### [SUPPLIED INFORMATION]
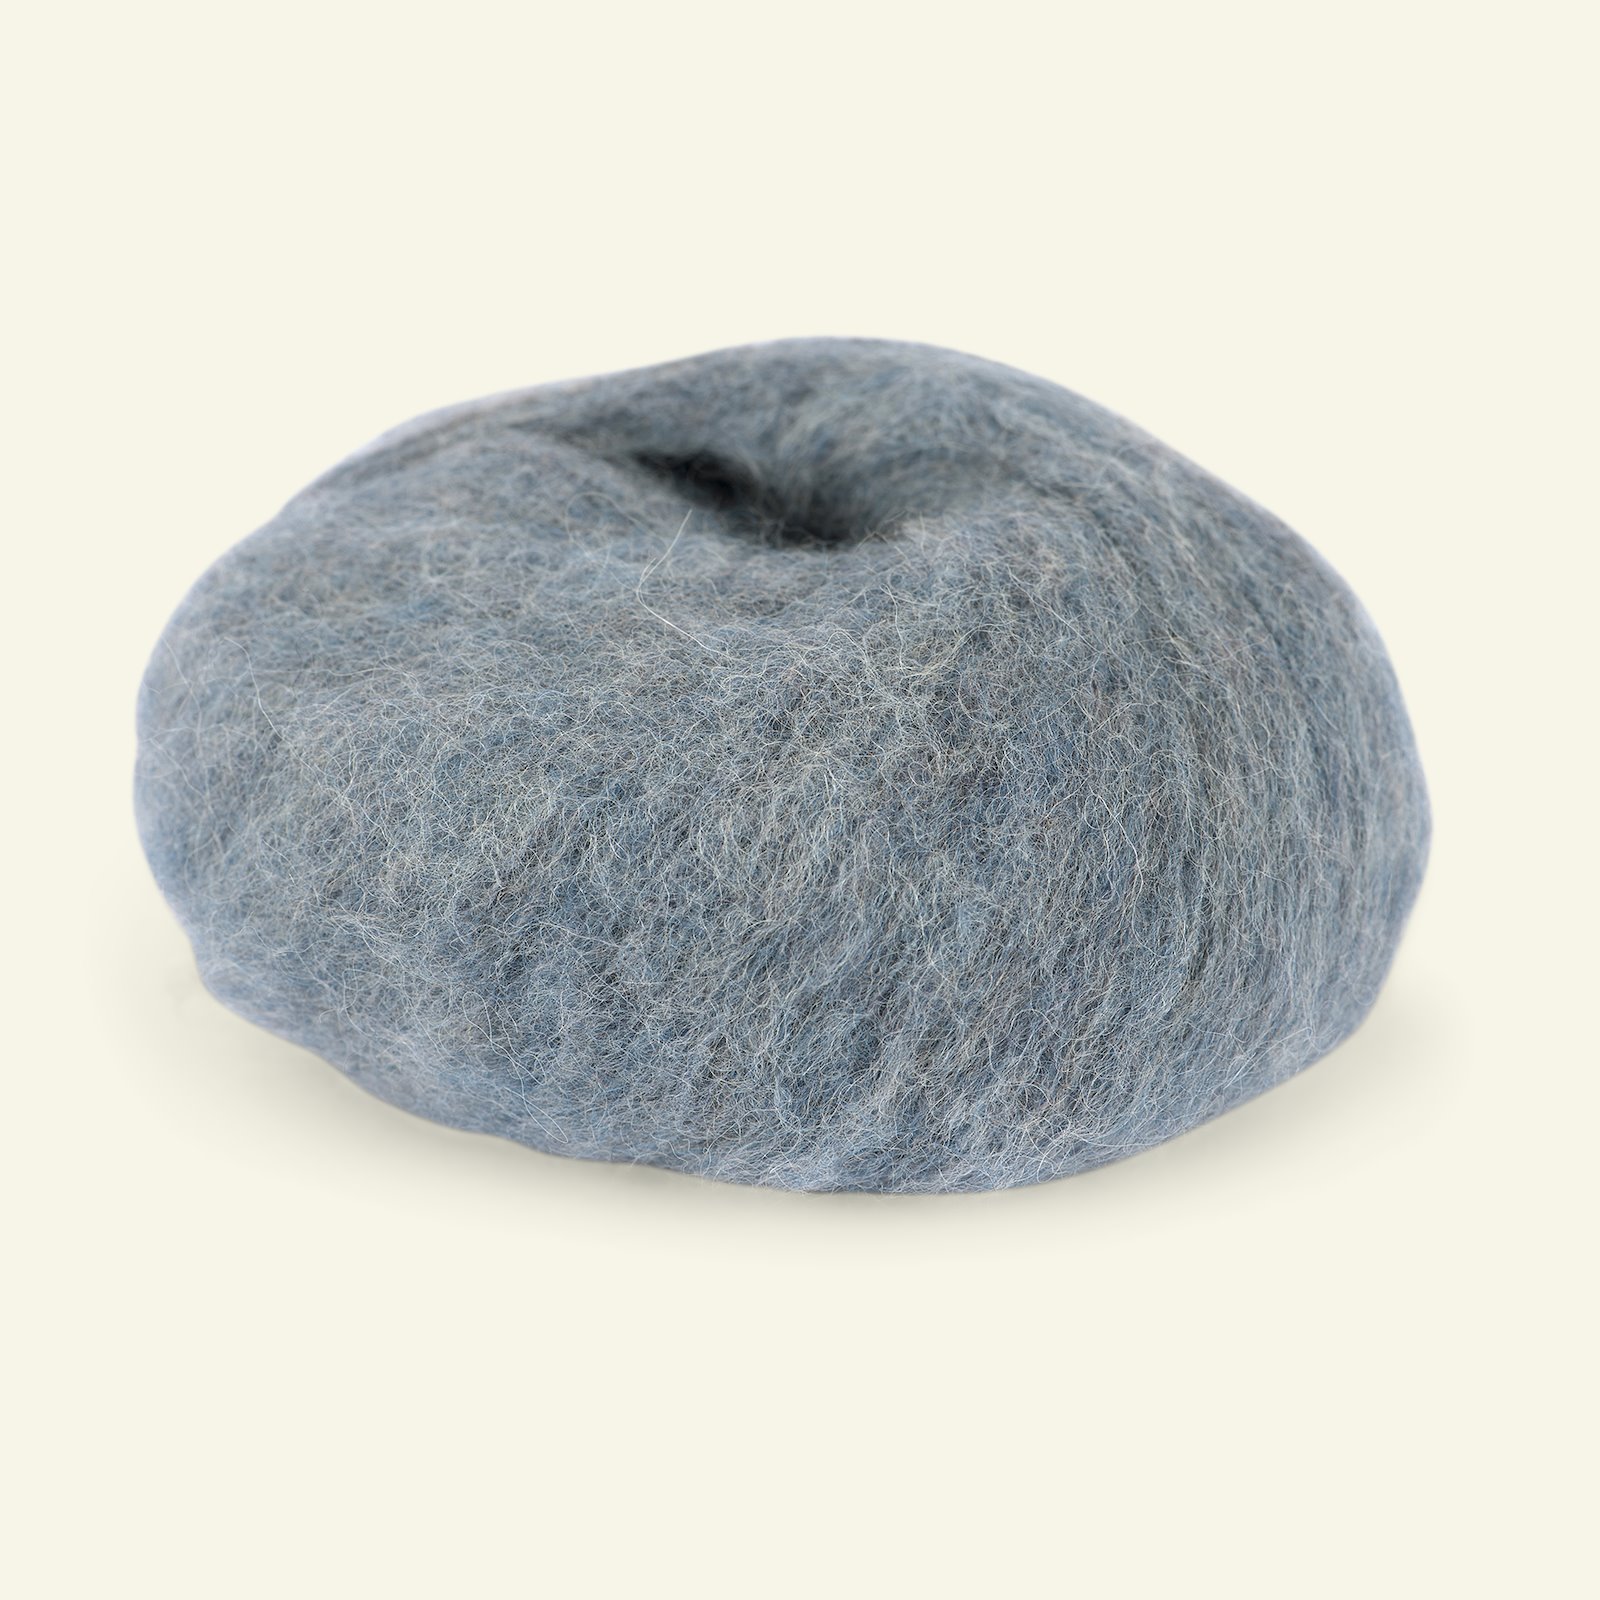 Du Store Alpakka, børsted alpacagarn "Faerytale", grå blå (740) 90000588_pack_b
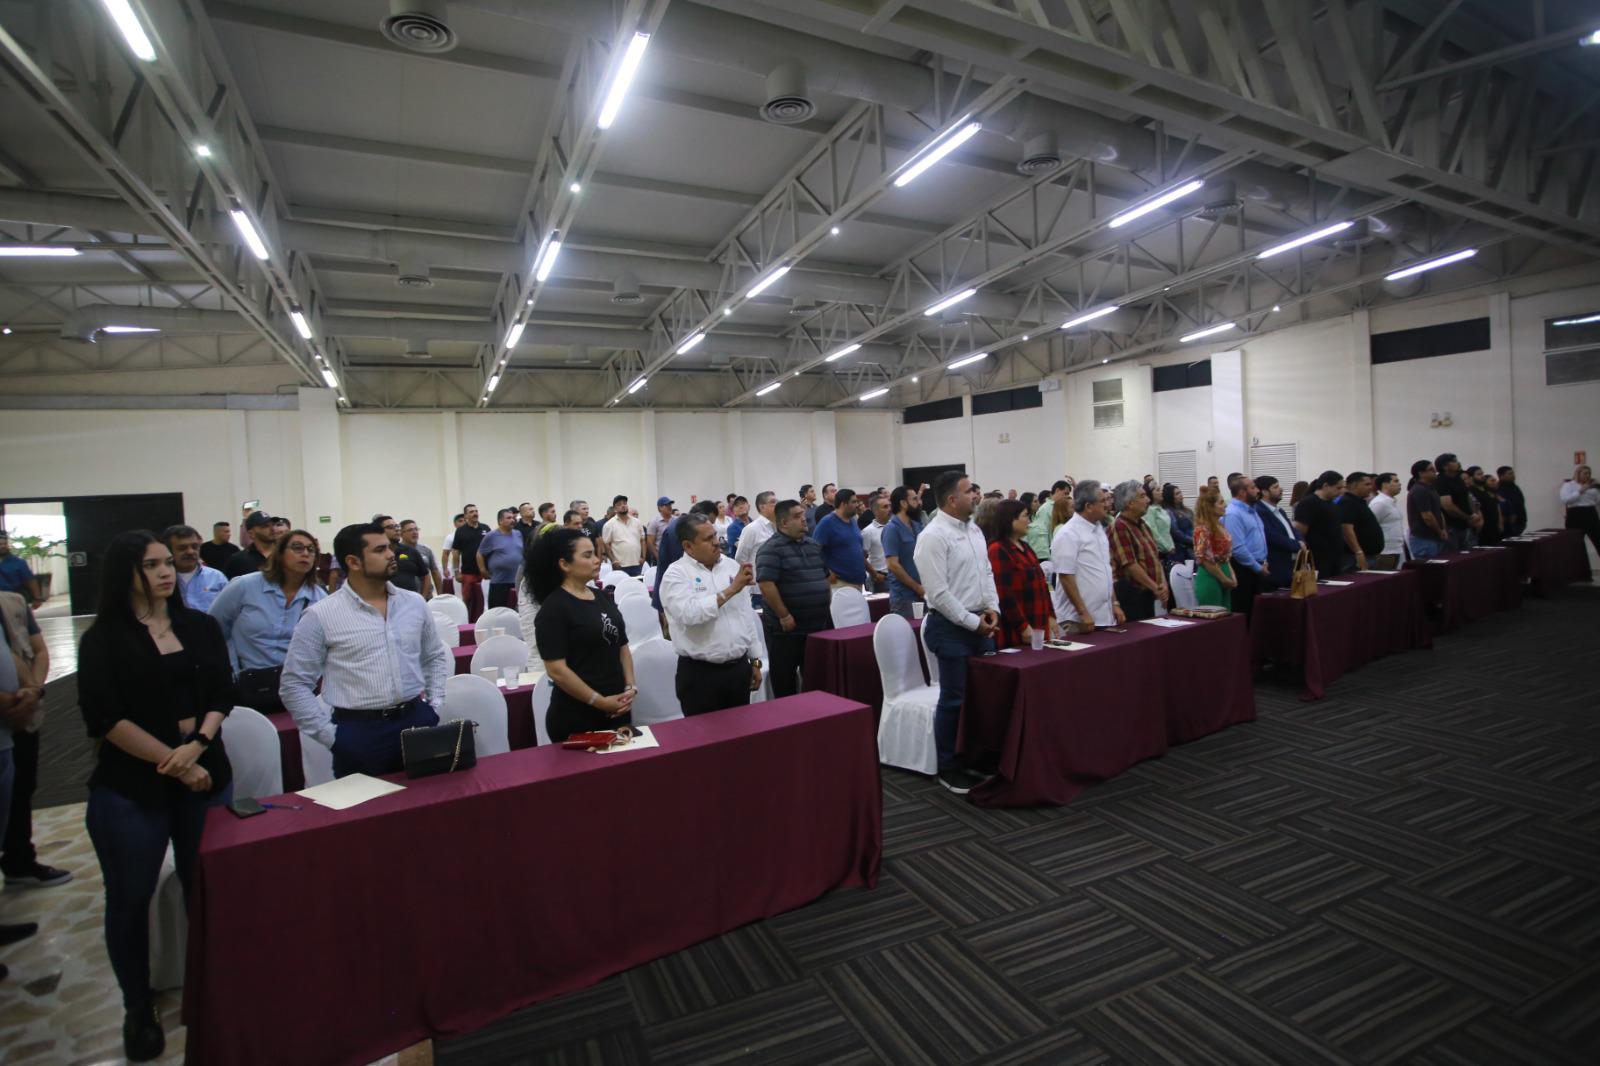 $!Inauguran el Congreso Estatal de Establecimientos de Atención a las Adicciones en Sinaloa
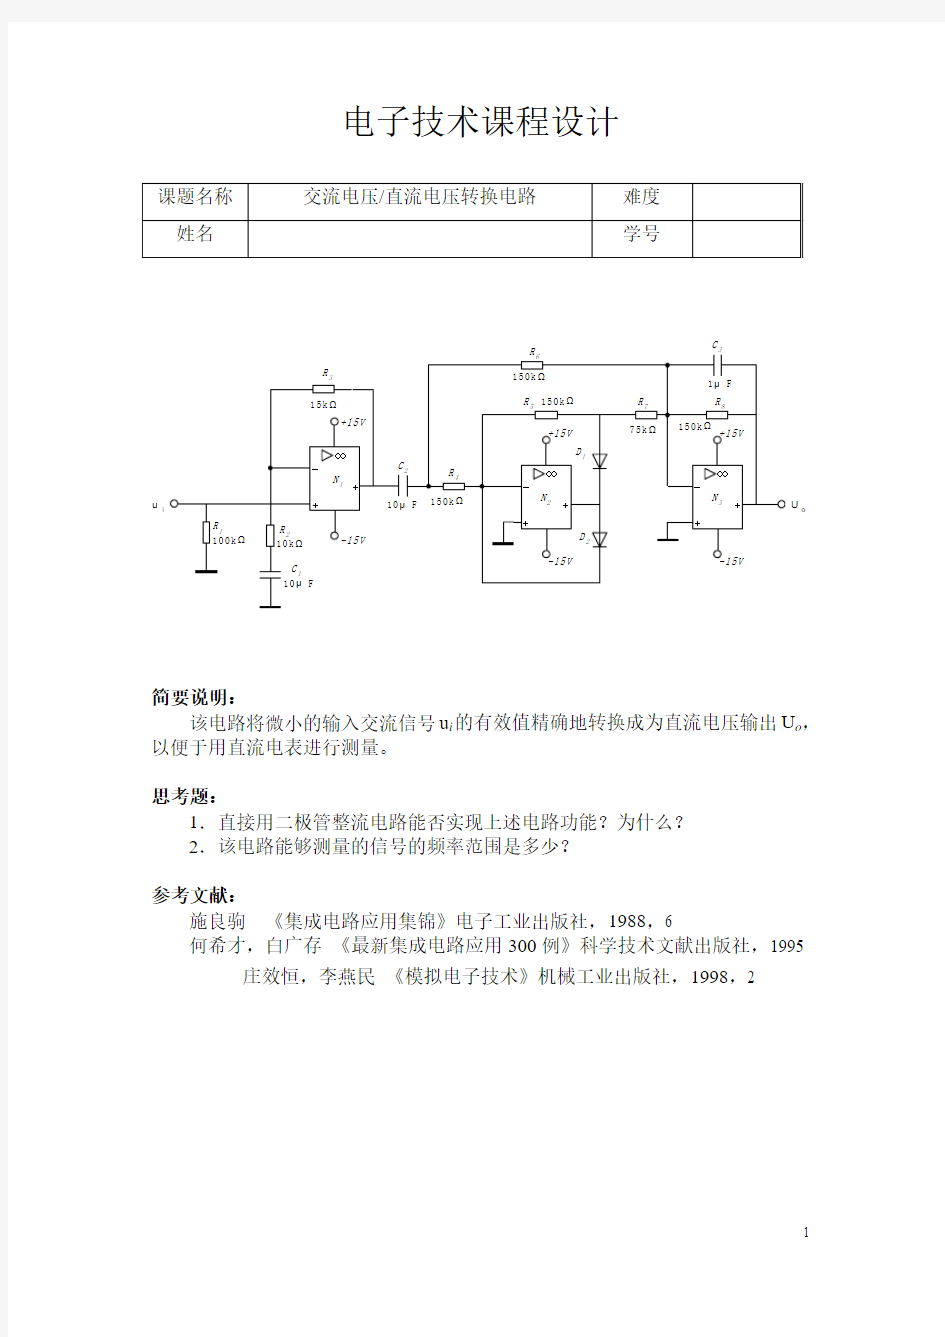 交流电压_直流电压转换电路(课程设计)

### [WHAT YOU WILL DO]
Leave the images out and transcribe the rest of the material exactly.

### [PROBLEM SOLUTION]
 Du Store Alpakka, børsted alpacagarn "Faerytale", grå blå (740) 90000588_pack_b
 $!Inauguran el Congreso Estatal de Establecimientos de Atención a las Adicciones en Sinaloa
 交流电压_直流电压转换电路(课程设计)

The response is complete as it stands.